Prime Minister Johnson, currently in Northern Ireland, has therefore penned an article in the Belfast Telegraph urging Northern Ireland’s unionist parties to come together with Irish nationalist parties as required under the Province’s power-sharing political settlement so a new executive formed. In it, the PM has tried to claim, once again, that he might just be on the cusp of actually doing something about the Northern Ireland Protocol.

“One part of the political community in Northern Ireland feels like its aspirations and identity are threatened by the working of the Protocol,” Johnson conceded, referring to the fact that British unionists in the Province believe their new status as a “semi-colony” of the EU, as Johnson once put it, has undermined their place in the United Kingdom.

“We cannot allow the impression that… EU custom codes — designed for vast container ships coming from Shanghai to Rotterdam, not supermarket lorries from Liverpool to Belfast — somehow trump everything else,” he said, recalling that “all parties to the Protocol made a commitment to be willing to revisit, adapt and change these arrangements over time — and to protect the internal market of the UK,” although the latter is evidently not happening.

“Every unionist representative campaigned against the Protocol, as currently constituted,” Johnson noted — neatly glossing over the fact that he imposed it on them regardless in 2019, despite having vigorously opposed a Brexit deal on the sort of terms it entails at a Democratic Unionist Party (DUP) conference in late 2018, while he was still a rival for the premiership then held by predecessor Theresa May.

He added that if the EU’s position on the Protocol — it has no interested in changing it, as it serves their interests — there “will be a necessity to act.”

The Prime Minister said that “a more detailed assessment and next steps” would be set out in Parliament “in the coming days” following consultation with Northern Ireland’s political leaders — although his government has made claims that unilateral action on the Protocol may be imminent and then failed to follow through repeatedly, most recently in March.

Socially conservative, Christian conservatives in the DUP, the leading British unionist party in Northern Ireland, may be less likely to be persuaded that Johnson has their backs due to some positions set out on in his article not related to Brexit which they are unlikely to be happy about.

One is his vow that his party will “intervene to ensure that women and girls have access to abortion services in Northern Ireland that are their legal right, following the failure of the [Northern Irish] Executive to deliver this,” despite the fact this would normally be treated as a devolved issue and there is no consensus in favour of it, given the DUP’s strong opposition.

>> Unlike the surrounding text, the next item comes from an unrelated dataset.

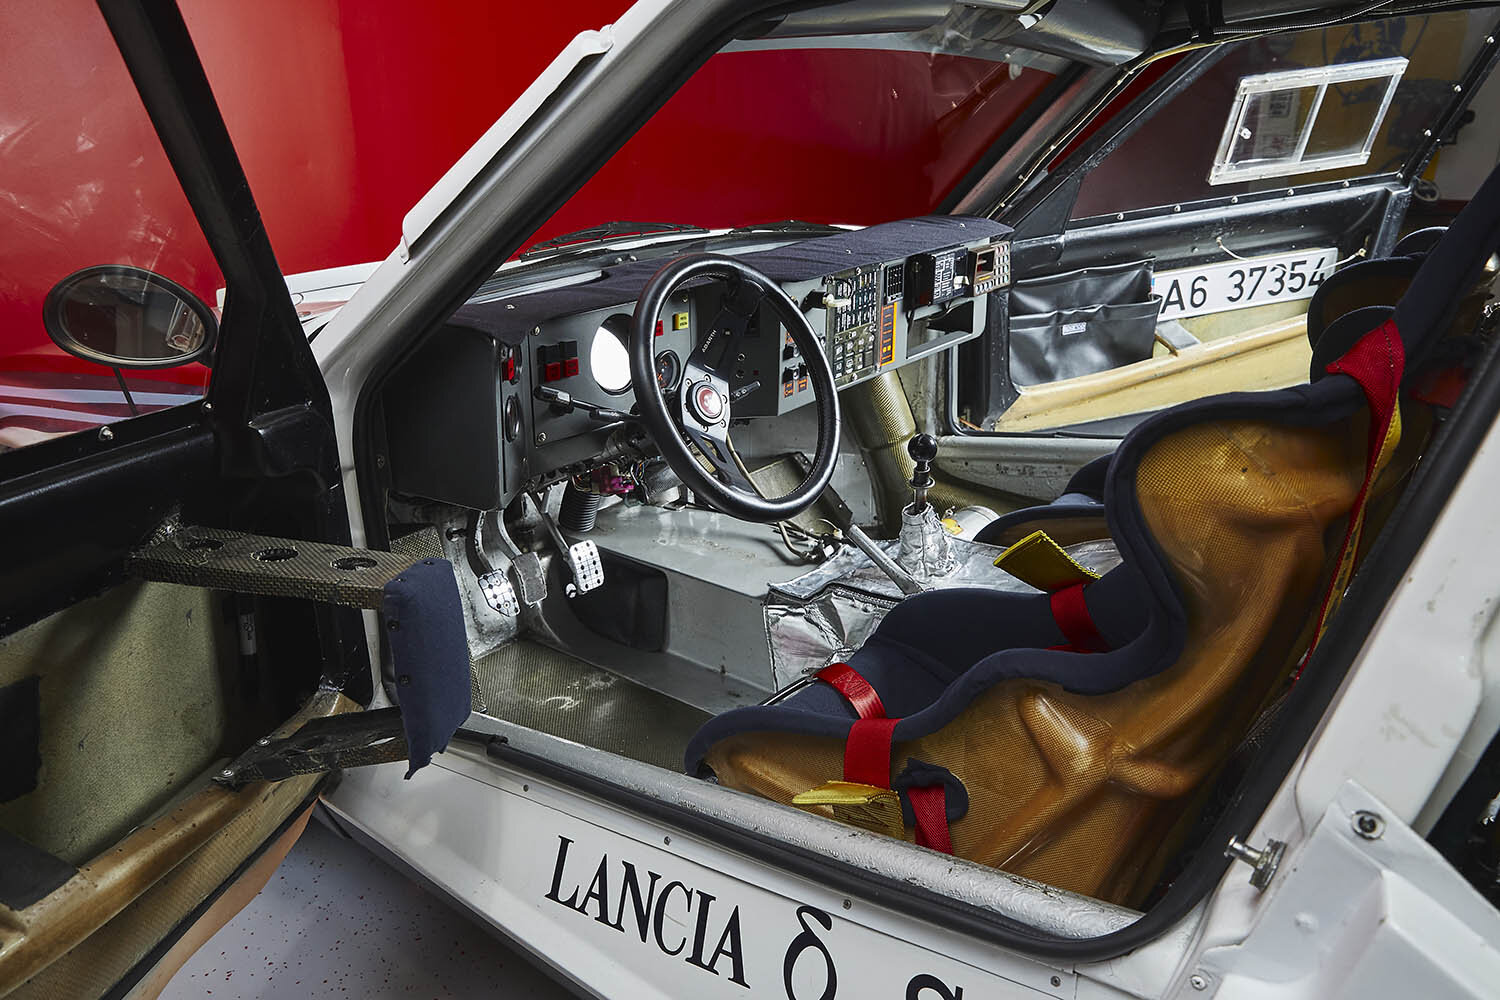 1985 Lancia Delta S4 Corsa - Girar.jpg

Another is his assertion that there will be “no blanket amnesty” for people accused of crimes during the Troubles, in which the Provisional Irish Republican Army (IRA) waged a terror campaign against the Armed Forces, police officers, and ordinary citizens, and Irish nationalists were occasionally subject to reprisals or the disproportionate use of force.

Unionists and military campaigners have long complained that prosecutions of often very elderly men accused of crimes during this period are invariably veterans, not nationalist terrorists — in large part because, despite Johnson’s claims of “no blanket amnesty”, almost 200 terrorist fugitives were given so-called “comfort letters” during Tony Blair’s premiership telling them they were no longer wanted, and judges later ruled this meant they could not be prosecuted.

Johnny Mercer MP, Britain’s inaugural Veterans Minister — and a veteran of Afghanistan himself — was unceremoniously sacked from Johnson’s government after he gave notice he was going to resign for the repeated failure to stand up for those who served in Northern Ireland, causing him to denounce the Downing Street office as a “cesspit” of “snakes” and “cowards”.